The circular also sets forth expectations for critical service providers (CSPs) defined under the PSOF. It provides guidance and helps ensure that operations of a CSP are held to the same standards as that of the DPS.

Developed by the Bank for International Settlement and the International Organization of Securities Commissions, the PFMI comprise of international standards for financial market infrastructures such as payment systems, central securities depositories, securities settlement systems, central counterparties, and trade repositories.

It is a set of international standards designed to strengthen financial market infrastructures and make them more resilient to financial crises and participant defaults.

While the standards are principle-based, the PFMI incorporate, in some cases, specific minimum requirement to achieve the same base level for risk management across different financial market infrastructures and countries.

The BSP said the mandatory adoption of the PFMI standard shall be required for DPS, including its participants, to the extent of the roles being performed by said participants in the DPS.

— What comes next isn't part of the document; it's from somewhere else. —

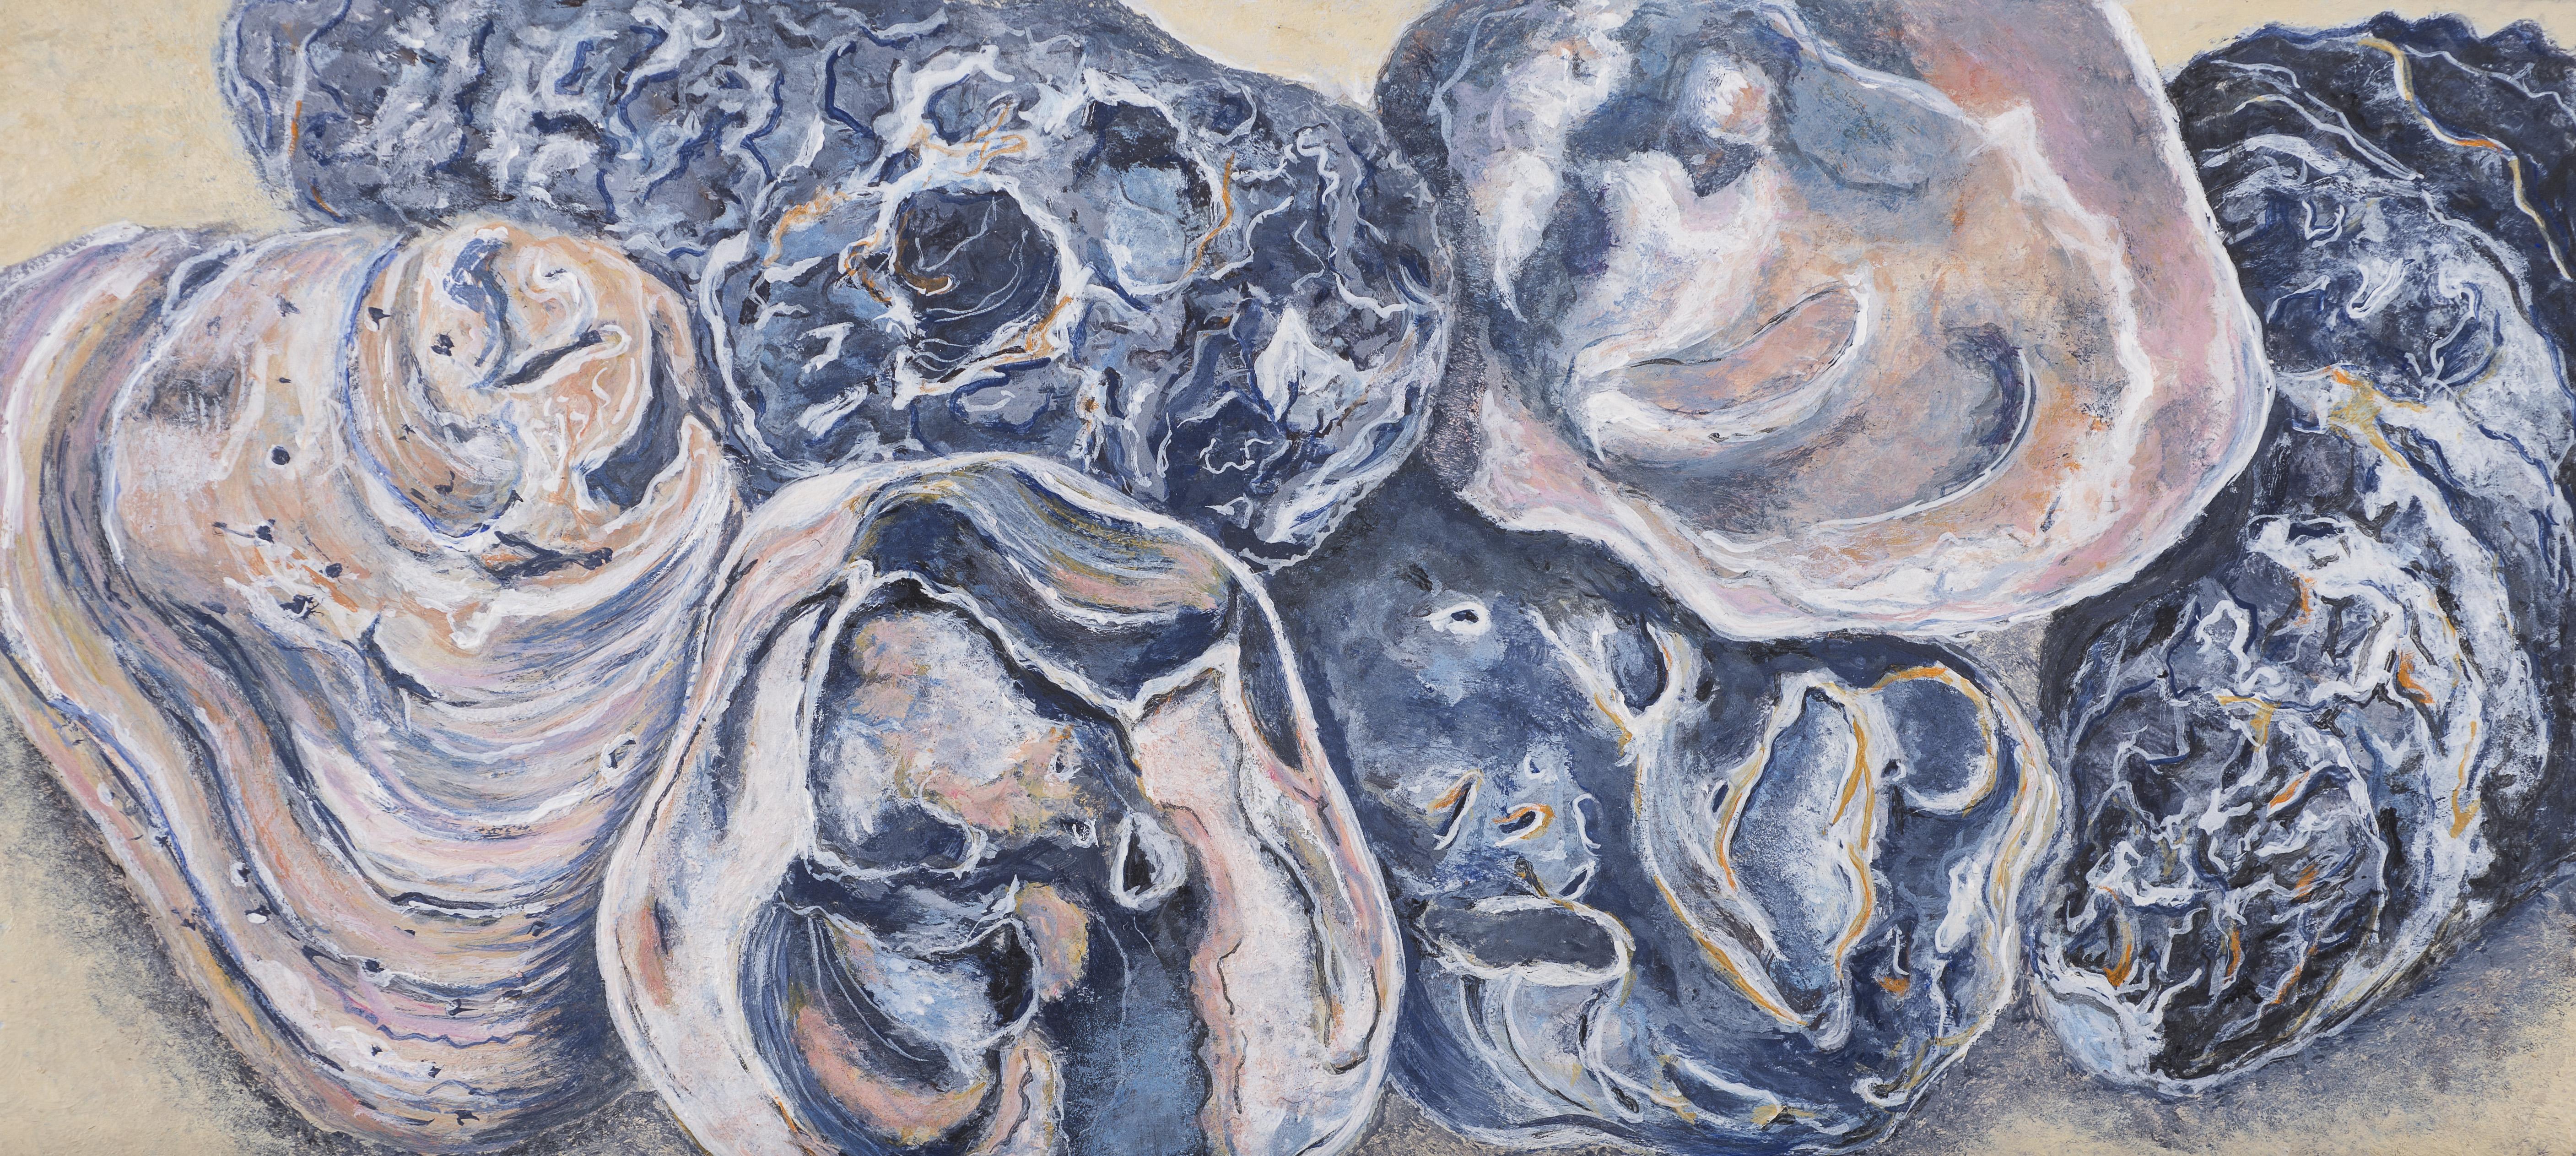 Ostrea III  (oesters)  10x22 cm

“Aligned with this, the BSP shall use the PFMI assessment technology to determine the observance of relevant principles by the DPS as well as identify possible risks and induce changes in the NPS,” Diokno added.

According to the central bank, the adoption of the standard is very timely given the surge of digital payments in the country, as it ensures payment systems to have safeguards in place that are at par with global practices.

The BSP Monetary Board has designated the Peso Real-time Gross Settlement System operated by the central bank using PhilPaSSplus as the country’s first DPS last July.